_SOURCE MATERIAL_:
|---|

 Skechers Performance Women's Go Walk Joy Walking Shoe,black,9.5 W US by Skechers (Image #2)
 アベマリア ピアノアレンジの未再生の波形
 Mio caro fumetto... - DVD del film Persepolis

|---|

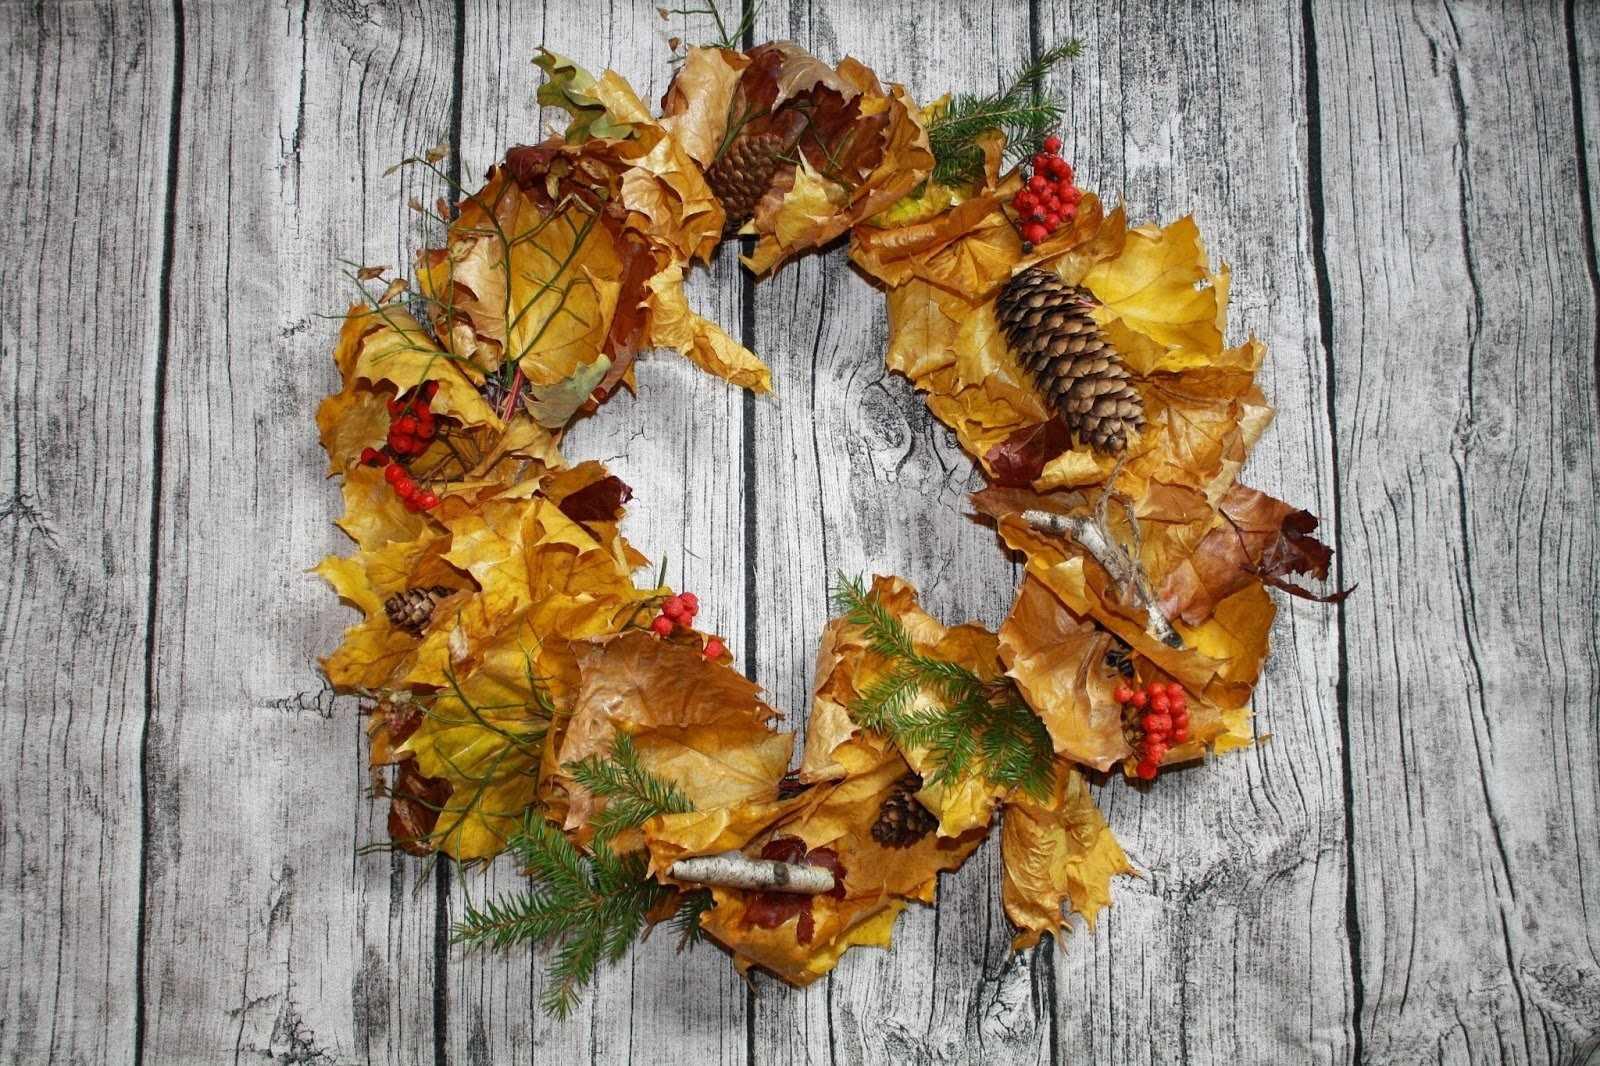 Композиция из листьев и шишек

|---|

_THE TASK_:
Out of the listing above, reproduce exactly the lines from the one with "Skechers Performance Women's" up to and including the one with "Mio caro fumetto...".

_RESPONSE BELOW_:
 Skechers Performance Women's Go Walk Joy Walking Shoe,black,9.5 W US by Skechers (Image #2)
 アベマリア ピアノアレンジの未再生の波形
 Mio caro fumetto... - DVD del film Persepolis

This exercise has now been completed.